In some implementations, the trained machine learning model 225 may classify (e.g., cluster) the new observation in a cluster, as shown by reference number 240. The observations within a cluster may have a threshold degree of similarity. As an example, if the machine learning system classifies the new observation in a first cluster (e.g., definitely authenticate), then the machine learning system may provide a first recommendation, such as the first recommendation described above. Additionally, or alternatively, the machine learning system may perform a first automated action and/or may cause a first automated action to be performed (e.g., by instructing another device to perform the automated action) based on classifying the new observation in the first cluster, such as the first automated action described above.

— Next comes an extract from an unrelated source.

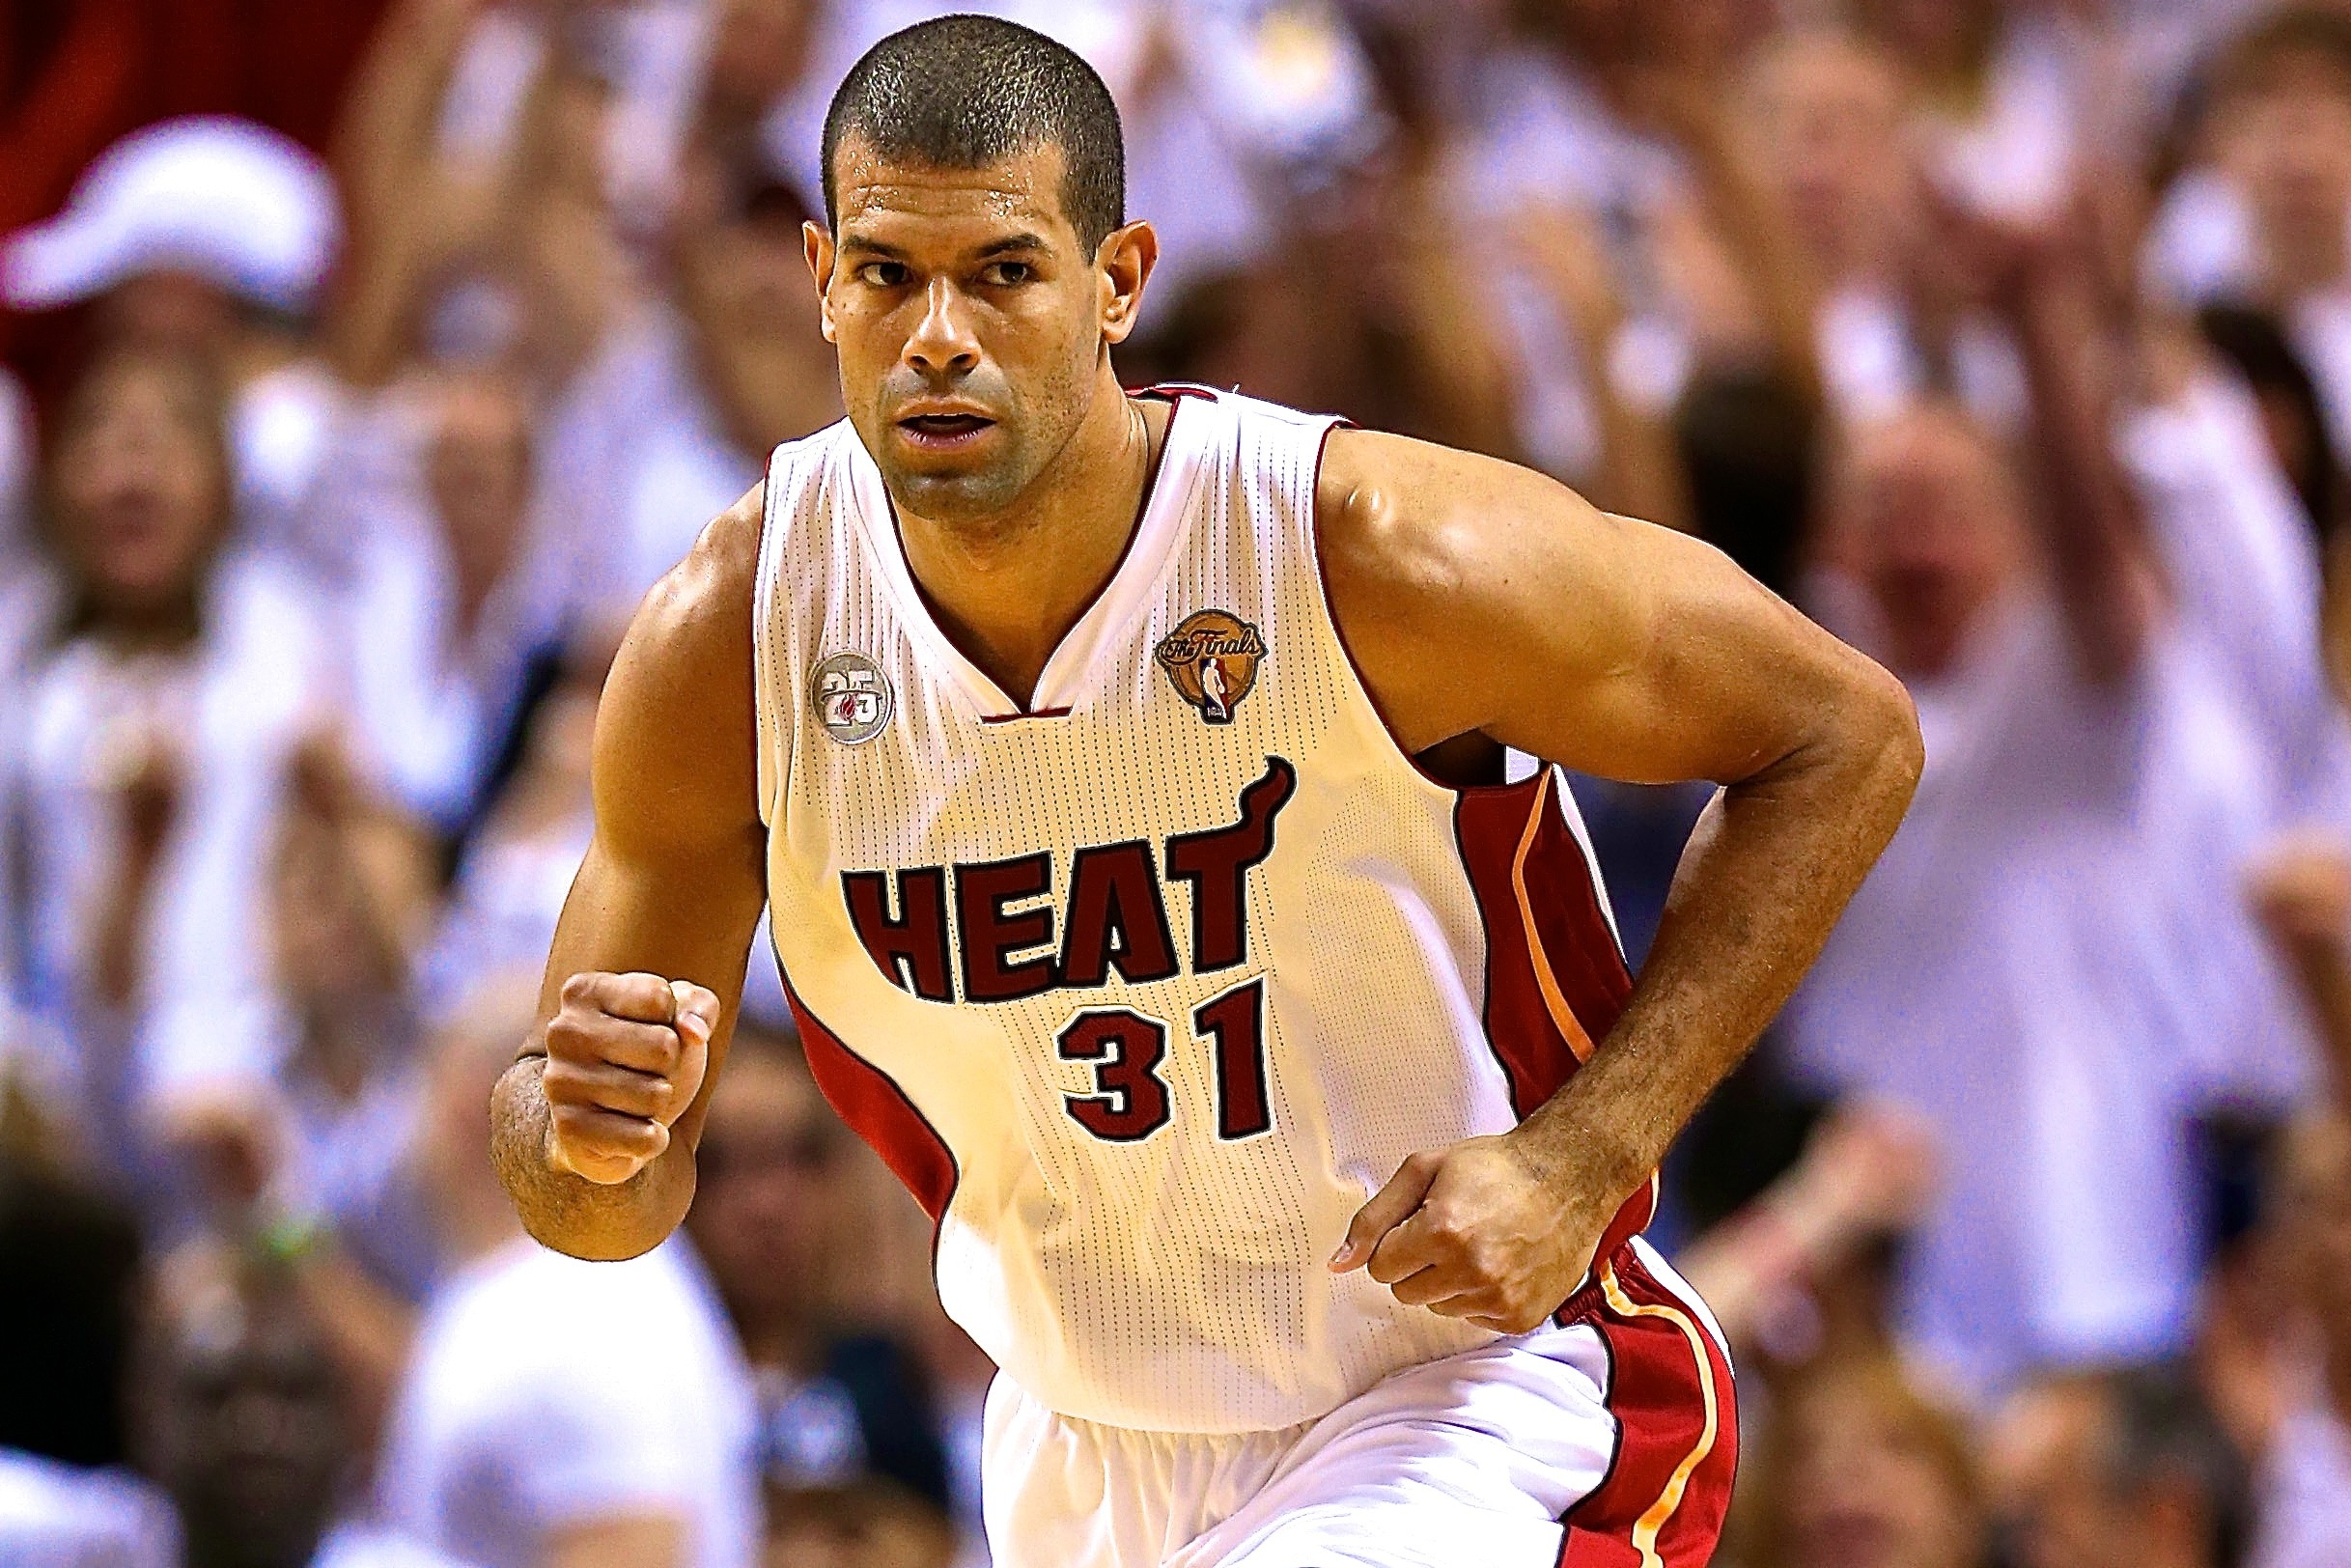 An Athlete's Mentality with Shane Battier

As another example, if the machine learning system were to classify the new observation in a second cluster (e.g., maybe authenticate), then the machine learning system may provide a second (e.g., different) recommendation (e.g., a recommendation that the authentication device requests additional authentication information from the user) and/or may perform or cause performance of a second (e.g., different) automated action, such as causing the authentication device to request additional authentication information from the user.

In some implementations, the recommendation and/or the automated action associated with the new observation may be based on a target variable value having a particular label (e.g., classification or categorization), may be based on whether a target variable value satisfies one or more thresholds (e.g., whether the target variable value is greater than a threshold, is less than a threshold, is equal to a threshold, falls within a range of threshold values, or the like), and/or may be based on a cluster in which the new observation is classified.

The recommendations, actions, and clusters described above are provided as examples, and other examples may differ from what is described above. In some implementations, the machine learning model may be based on a liveness testing model. For example, the liveness testing model may determine search queries based on user data, identify relevant real-time context information based on a search, formulate relevant challenge questions, based on the real-time context information, that are suitable for a live identity verification challenge, formulate anticipated responses, analyze verbal responses to verify whether the access requester is the authorized user of the user account, formulate a liveness image challenge, determine relevant image parameters based on the real-time context information, analyze the relevant image parameters in a live user image to verify whether the access requester is the authorized user of the user account, and/or generate an output that indicates whether an access attempt is authentic, as described in more detail elsewhere herein. In this example, the machine learning model may determine the confidence score based on the correlation between the response or input and an anticipated response or input.

In some implementations, the trained machine learning model 225 may be re-trained using feedback information. For example, feedback may be provided to the machine learning model. The feedback may be associated with actions performed based on the recommendations provided by the trained machine learning model 225 and/or automated actions performed, or caused, by the trained machine learning model 225. In other words, the recommendations and/or actions output by the trained machine learning model 225 may be used as inputs to re-train the machine learning model (e.g., a feedback loop may be used to train and/or update the machine learning model). Providing the feedback to the machine learning model may improve the accuracy of the machine learning model and/or may improve feature selection associated with the machine learning model.

In this way, the machine learning system may apply a rigorous and automated process to enhanced authentication using a live identity verification challenge with context aware real-time testing. The machine learning system may enable recognition and/or identification of tens, hundreds, thousands, or millions of features and/or feature values for tens, hundreds, thousands, or millions of observations, thereby increasing accuracy and consistency and reducing delay associated with enhanced authentication using a live identity verification challenge with context aware real-time testing, relative to requiring computing resources to be allocated for tens, hundreds, or thousands of operators to manually authenticate access attempts and/or perform actions using the features or feature values.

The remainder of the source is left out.